Apparently there's only one LC in my city so will email her now. Watch this space! Thanks, again.
Well my instincts tell me he doesn't have TT.. But I am getting myself wound up about it. First midwife at clinic said she thought he might have but checked with her colleague who said it wasn't classic tongue tie but that I can see my GP for a referral if I like. Can't see him knowing ny better to be honest..
Anyway I agreed to try biological nurturing for a week but I hated it with DS1, never got the hang of it and ended up going to the clinic for 6 weeks before giving up on advice and doing my own thing. Think I'll start another thread on that though.
If that doesn't change my life I'll contact an LC. Thanks everyone for your experiences.. I feel a bit like I've asked for relationship advice and you've told me to LTB and I'm giving him another week to change!! I have taken note, believe me. If you don't get my analogy you've clearly not been kept awake enough overnight!
I highly recommend a qualified LC to have a look. We saw at so many HCPs and they either said there was no TT or they said it was not bad enough to snip, DESPITE LO looking like a famine victim. In the end we took it into our own hands and had Mary Griffiths round to snip it.

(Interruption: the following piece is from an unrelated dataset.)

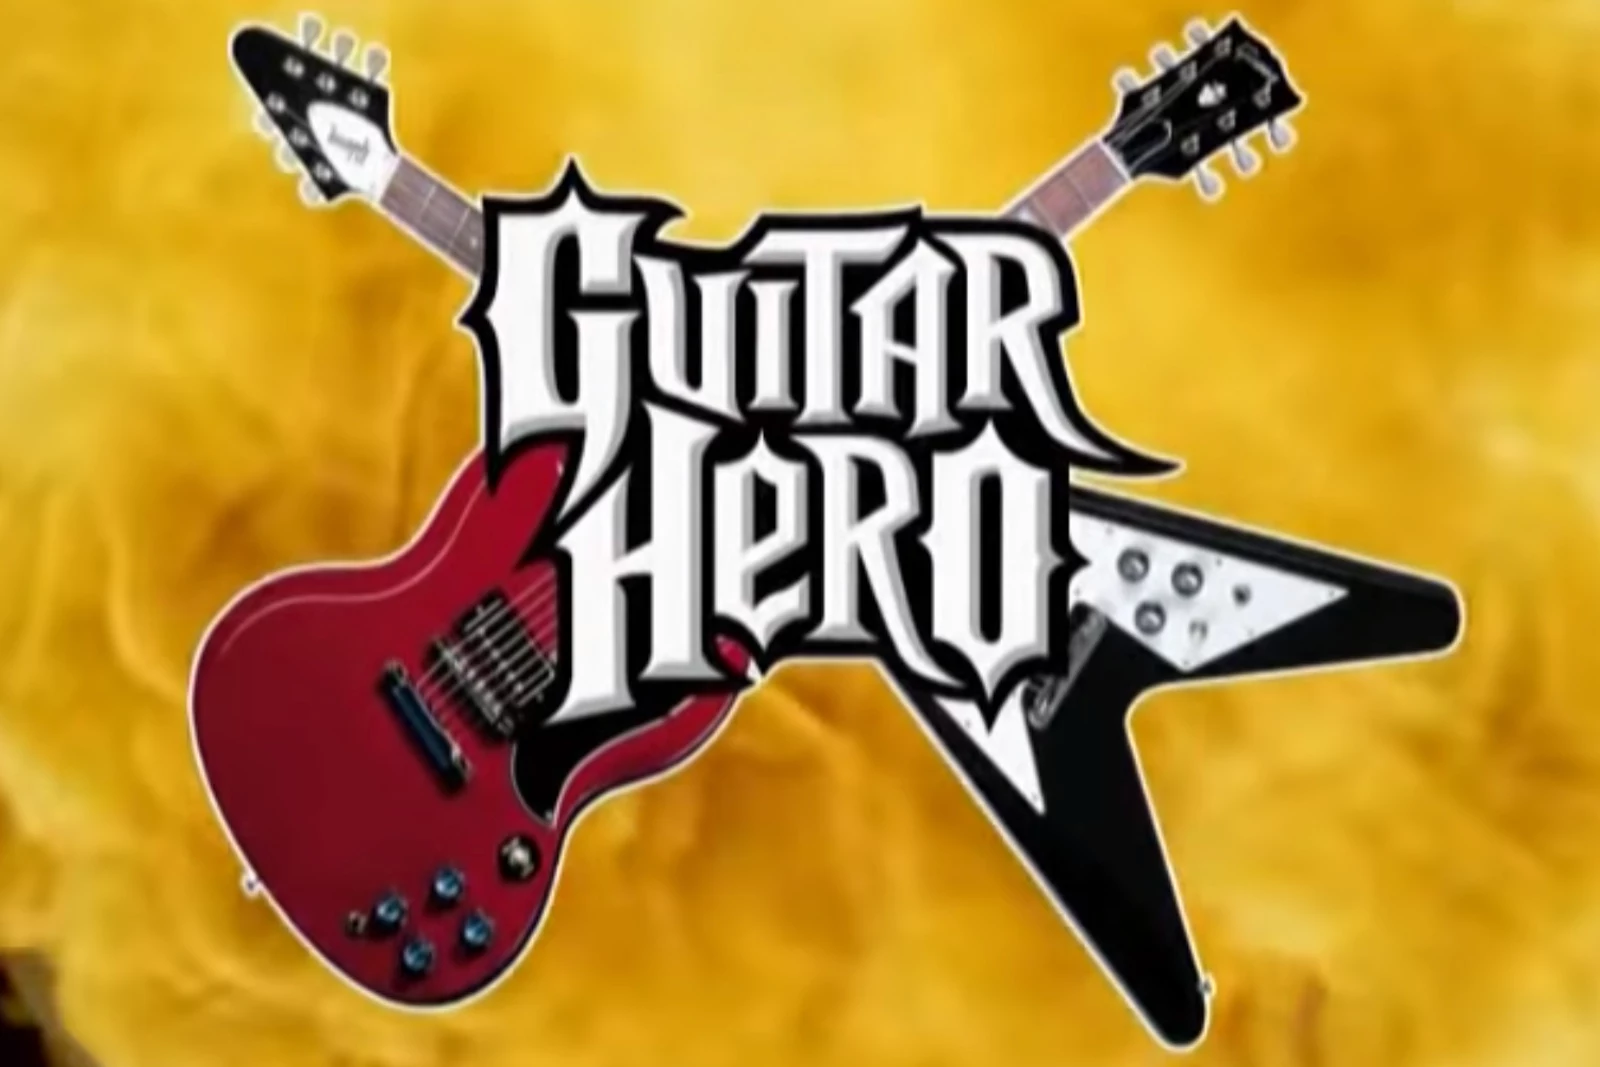 Guitar Hero 
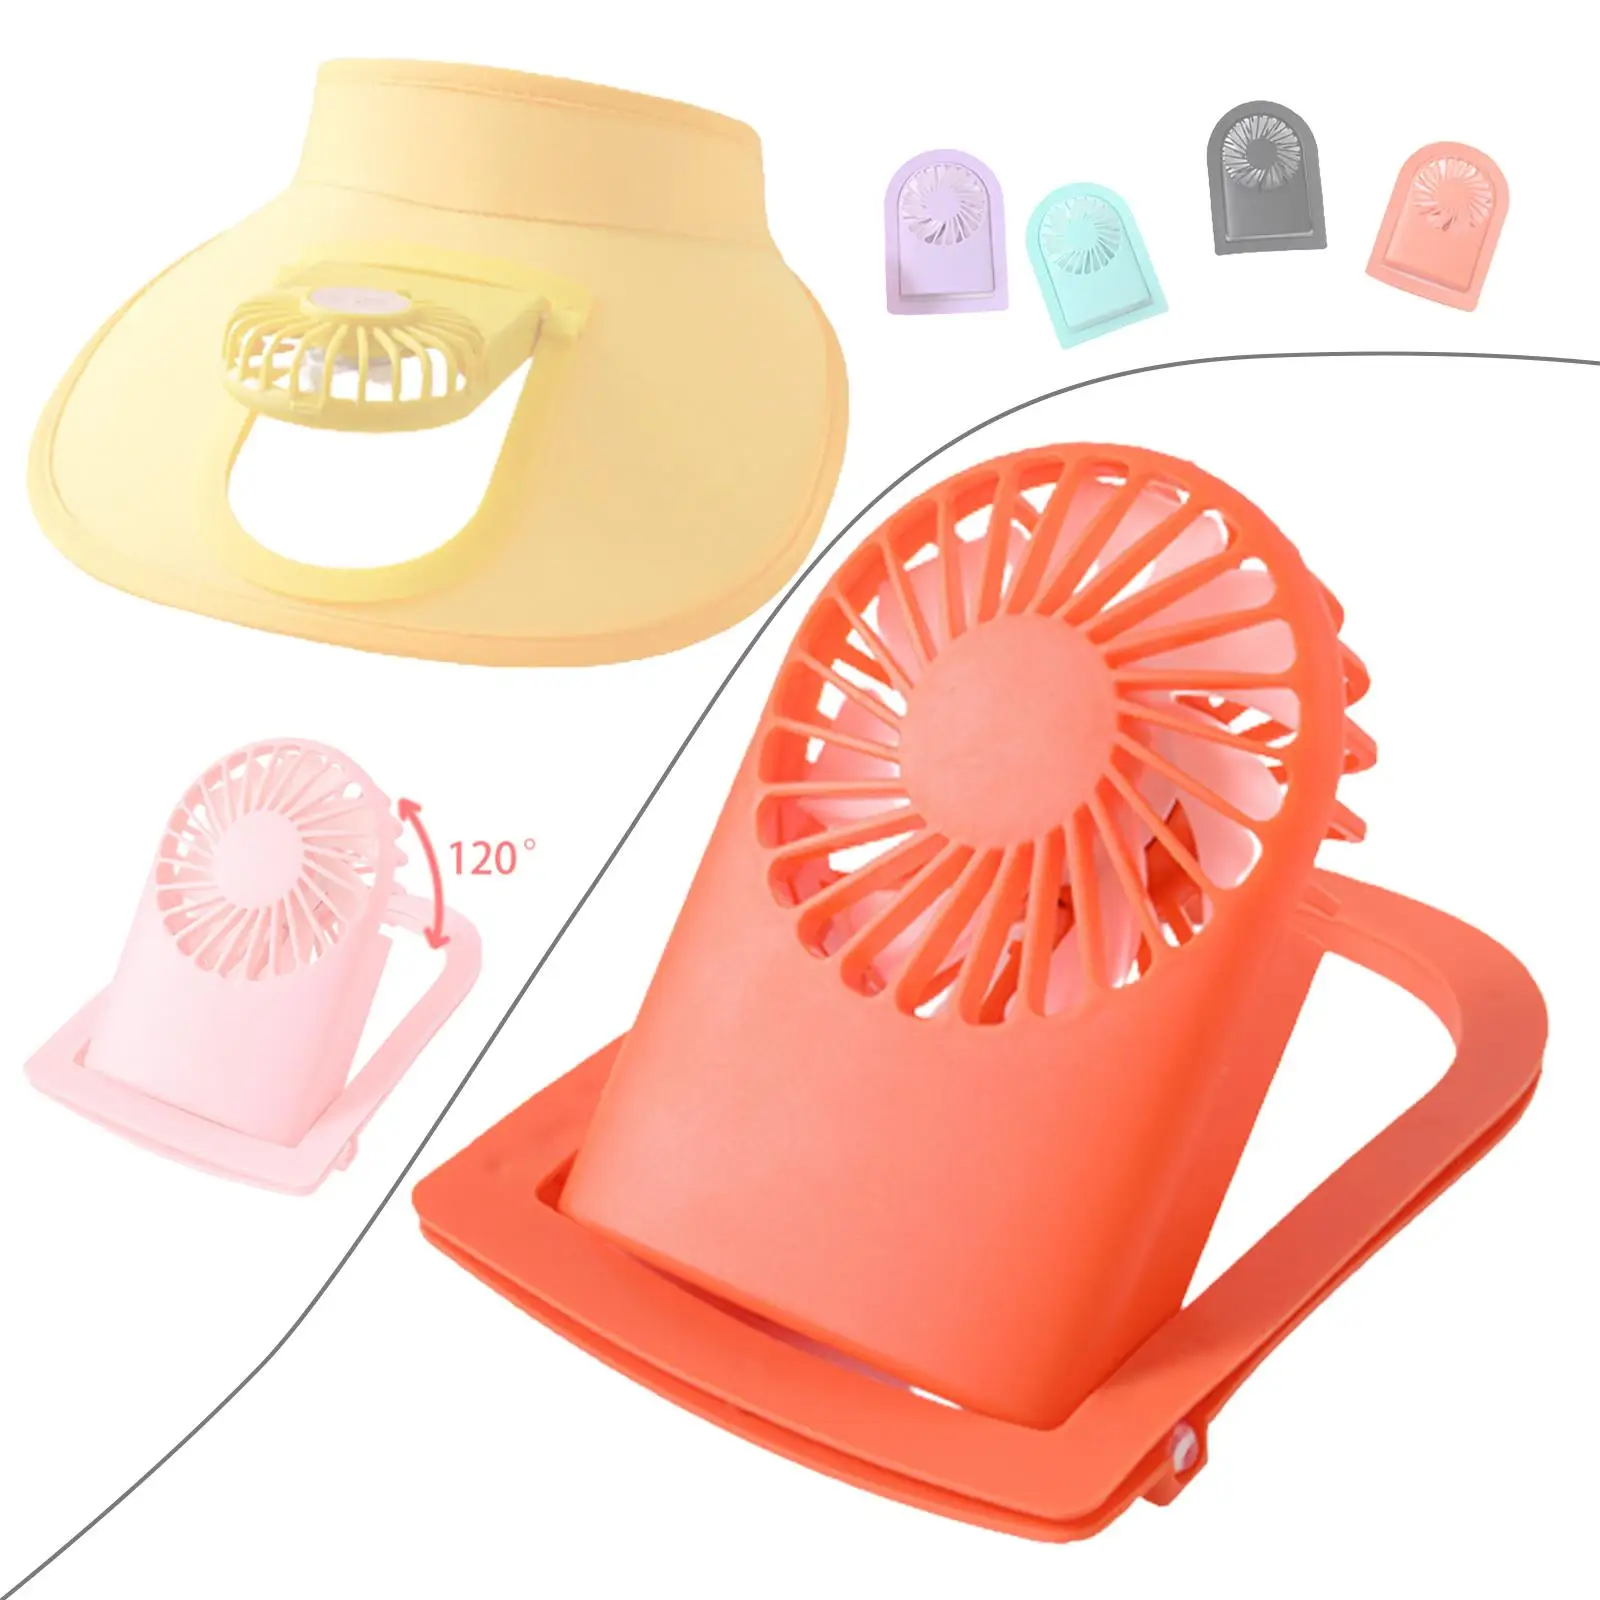 Персональный вентилятор Портативный вентилятор с козырьком Аксессуар для шляпы с регулируемым воздушным охлаждением с питанием от USB, 3 скорости, для походной кухни 5

Best thing we did. Feeds took less time. He was less grouchy. He did not need to be attached all the time. And yes he now looks like a English Welsh Rugby player (DH reckons hooker!).
Best of luck. Go with your instincts. They are amazing!!
sorry I know you said it was rhetorical!
good luck at the clinic
"With the NHS and so many organisations/volunteers encouraging and supporting breast feeding why does this one issue so often need a private diagnosis?"
this is a very good question - I have been told (I can't remember who by) that tongue tie used to be much more readily diagnosed by midwives etc, several decades ago, but when there was a big shift over to FF during the 50s/60s/70s the knowledge of tongue tie as a common problem was sort of forgotten and they stopped training midwives to spot it. It's only relatively recently with the resurgence of BFing that TT has come back on the radar - but perhaps it's not been long enough yet for the state to actually allocate funds/time to training staff about it.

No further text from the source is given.